> Directions for this task: Nothing outside the lines below from the one containing "日野市 モノレール万願寺駅が工事中 西側のエレベーターは使えません" through the one containing "Slim fit blazer in black - Nina Ricci" is to be printed; print those exactly, ends included, and drop the pictures.

> Data supplied:
- - -

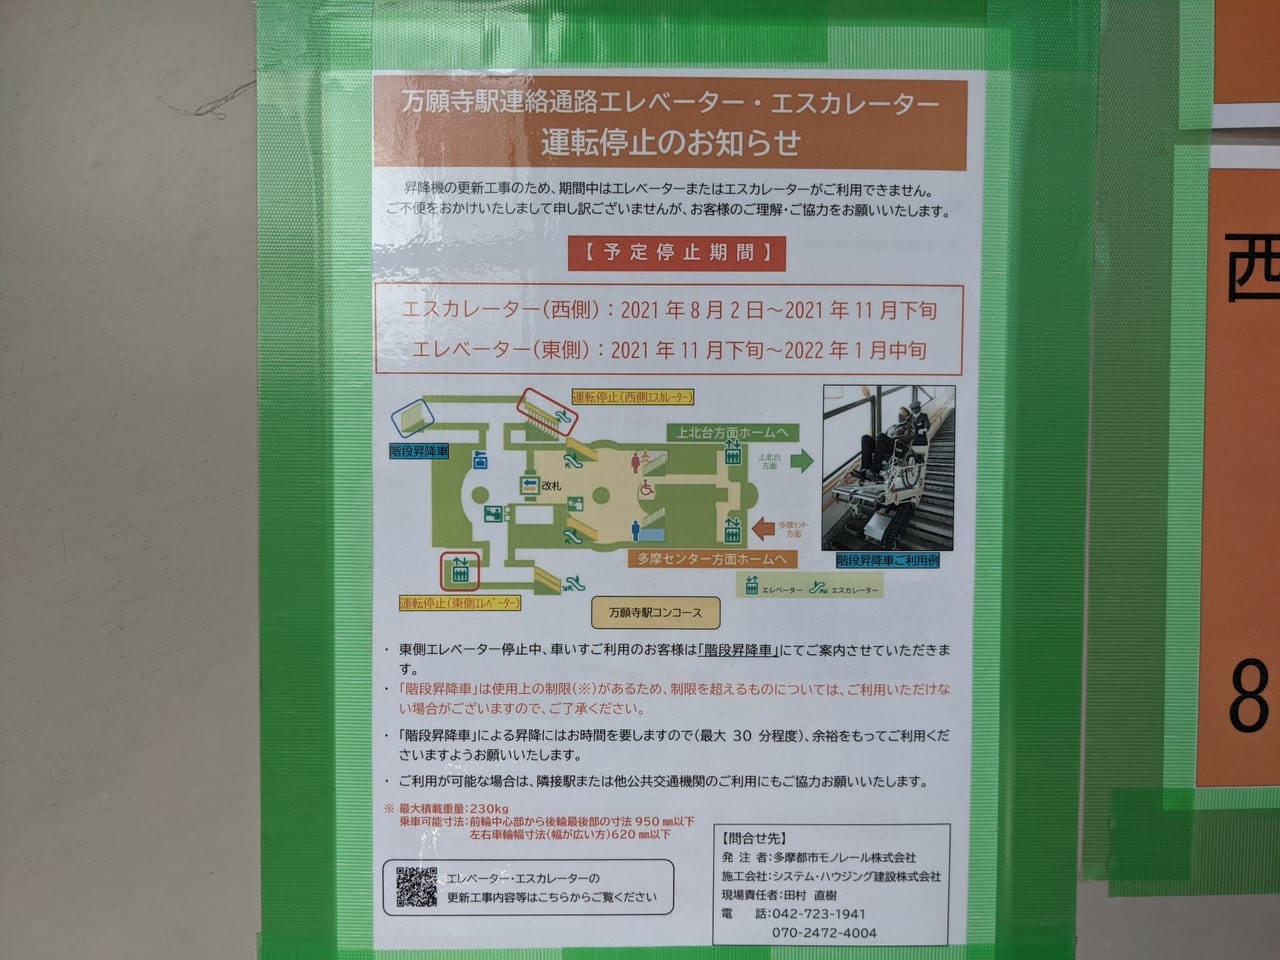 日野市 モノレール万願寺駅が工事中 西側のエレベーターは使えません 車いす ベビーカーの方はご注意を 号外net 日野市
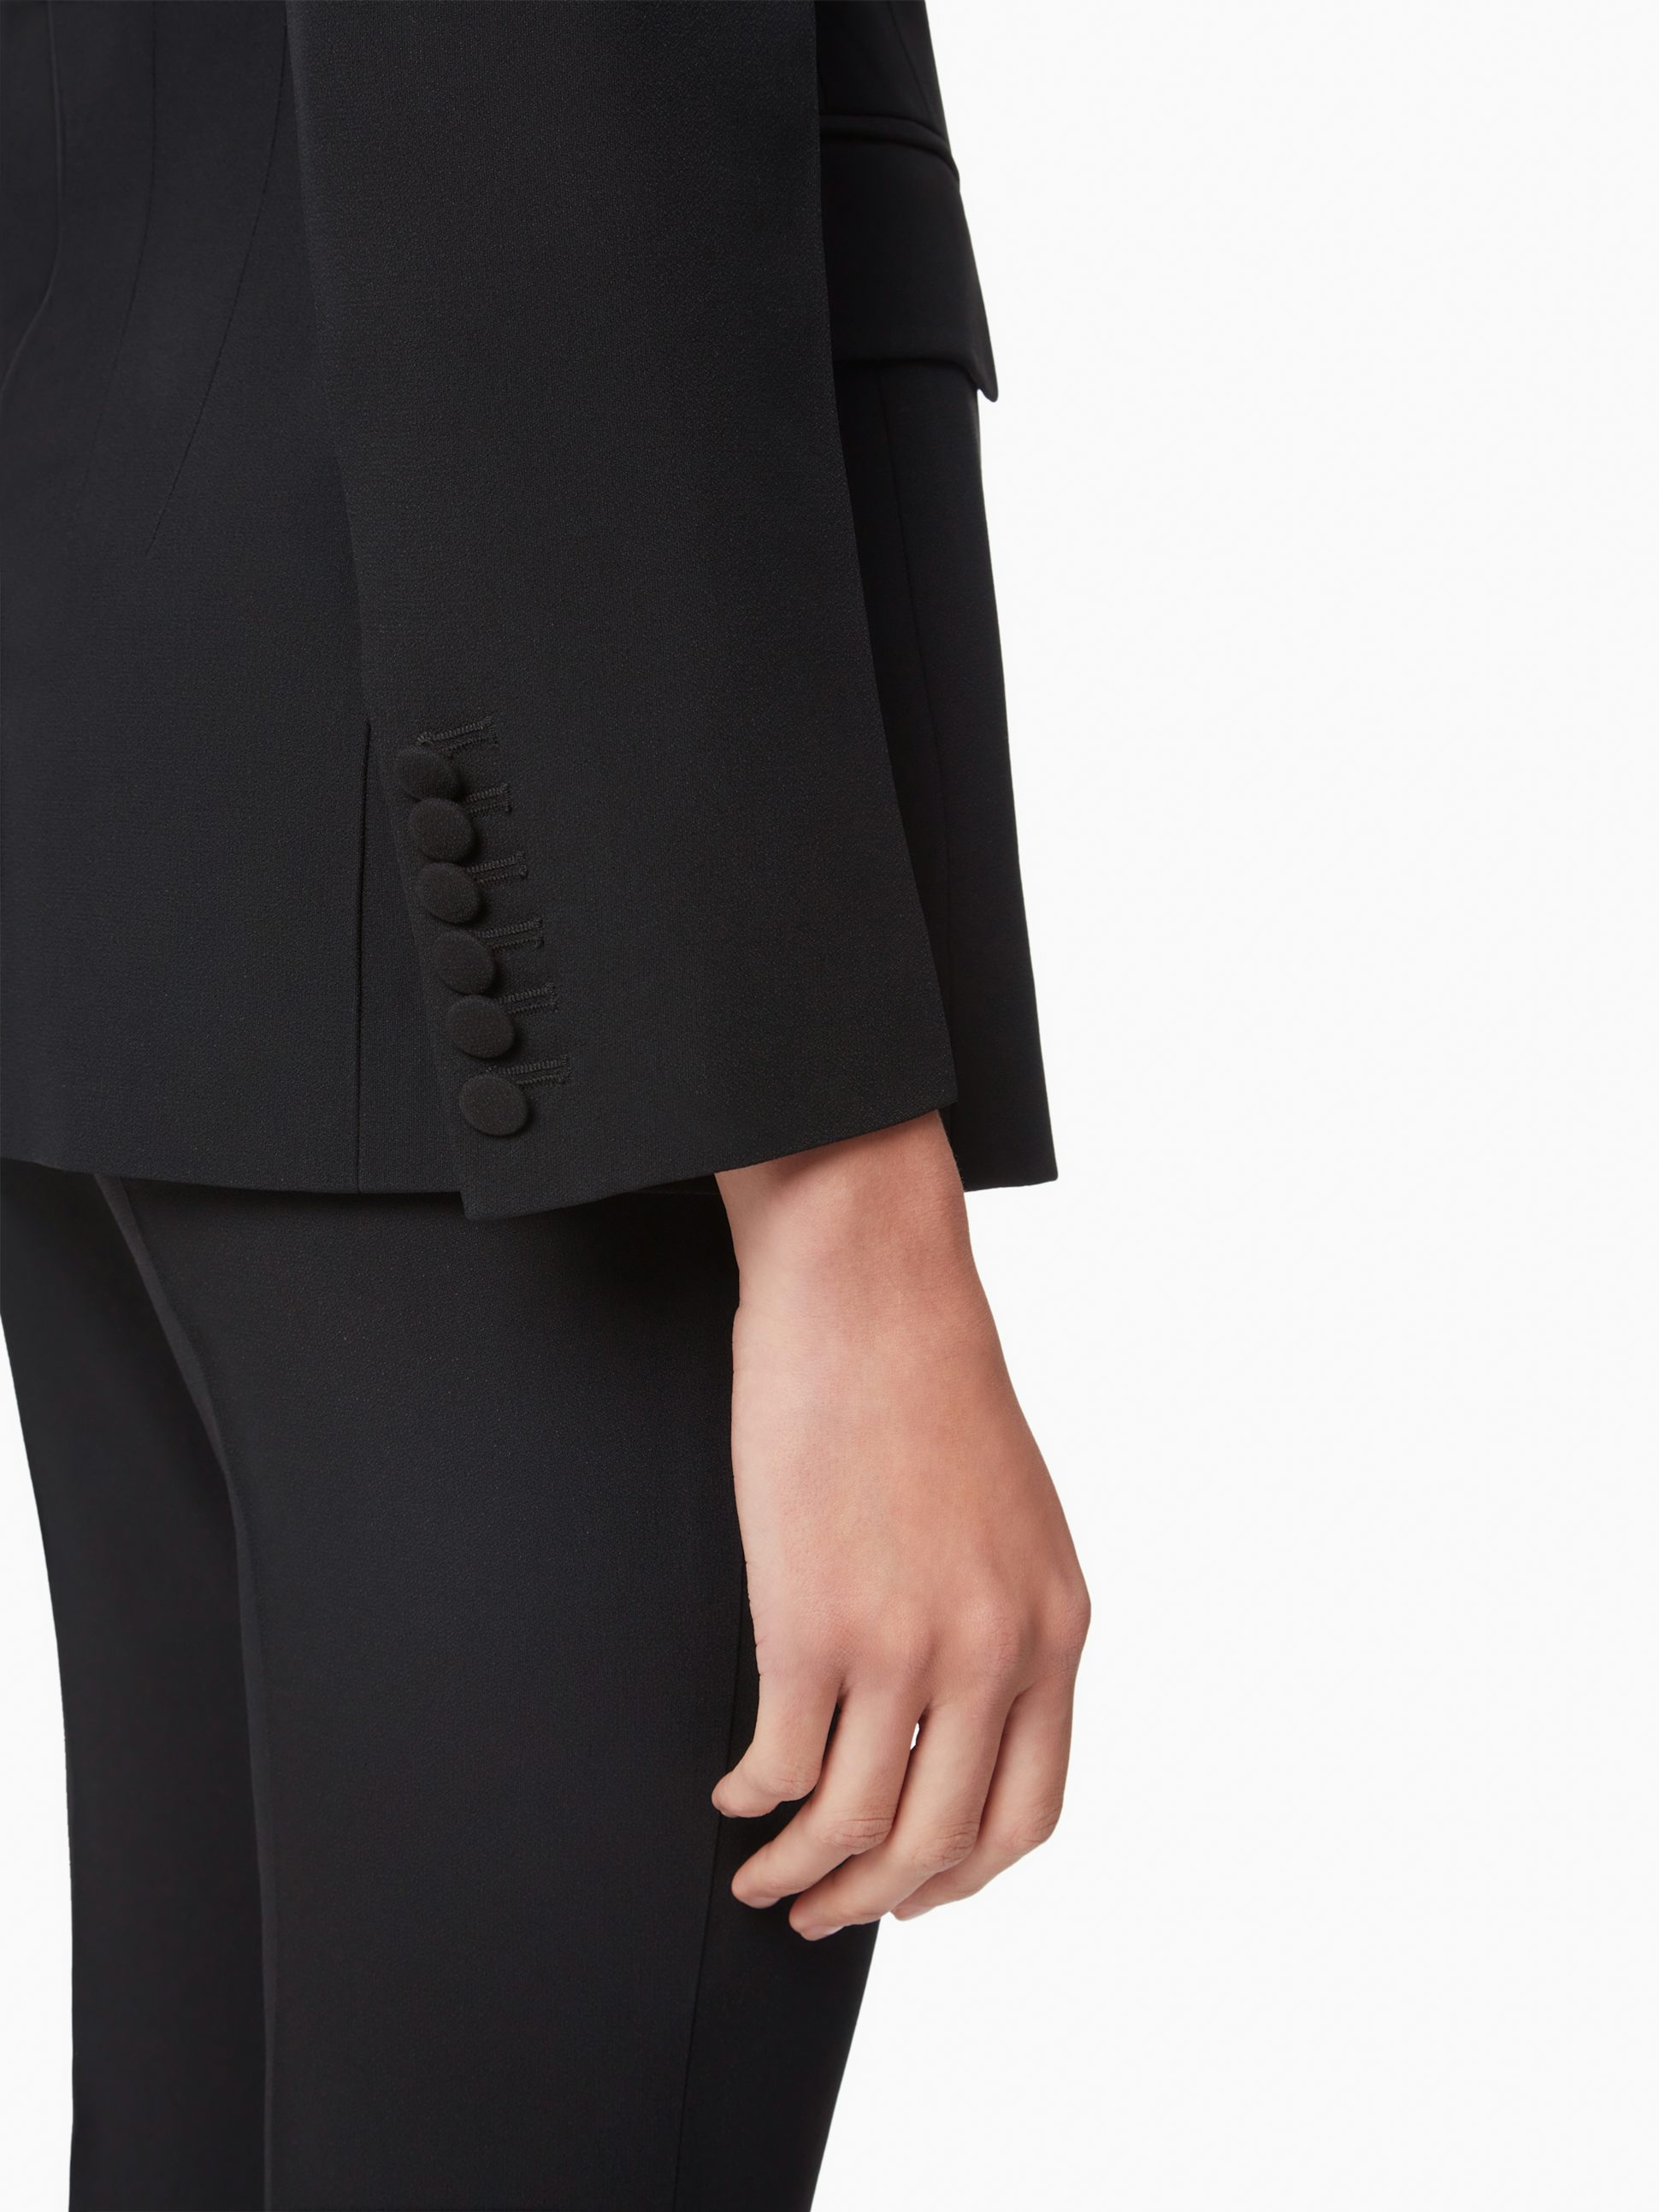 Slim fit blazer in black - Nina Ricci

- - -

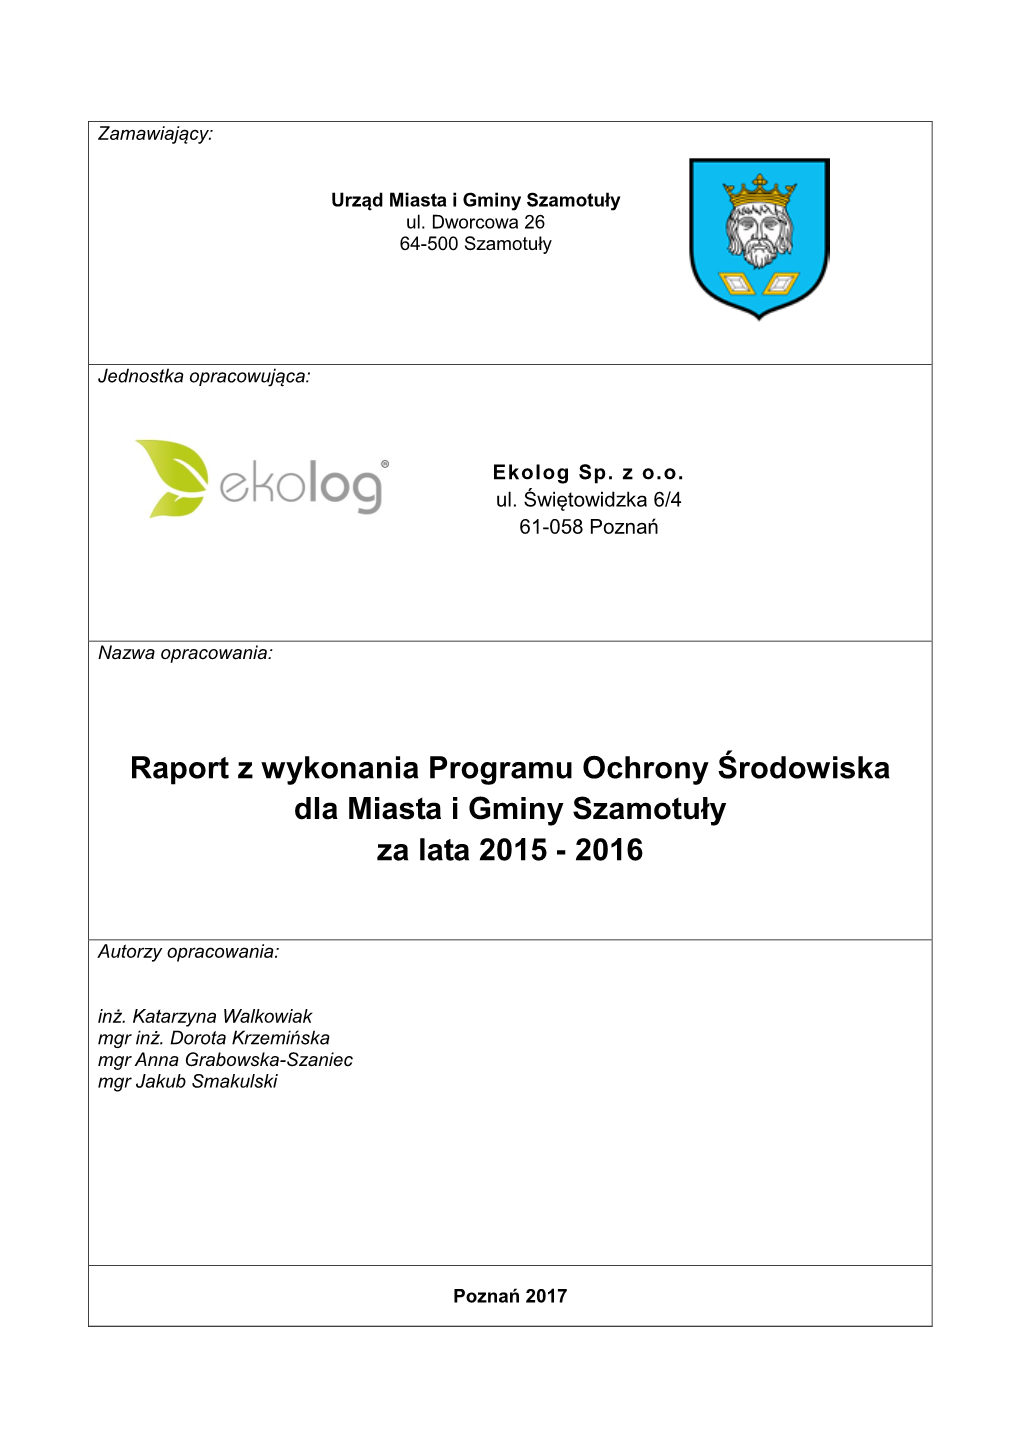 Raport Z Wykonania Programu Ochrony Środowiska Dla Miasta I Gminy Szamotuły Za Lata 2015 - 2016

- - -

> Exercise answer:
 日野市 モノレール万願寺駅が工事中 西側のエレベーターは使えません 車いす ベビーカーの方はご注意を 号外net 日野市
 Slim fit blazer in black - Nina Ricci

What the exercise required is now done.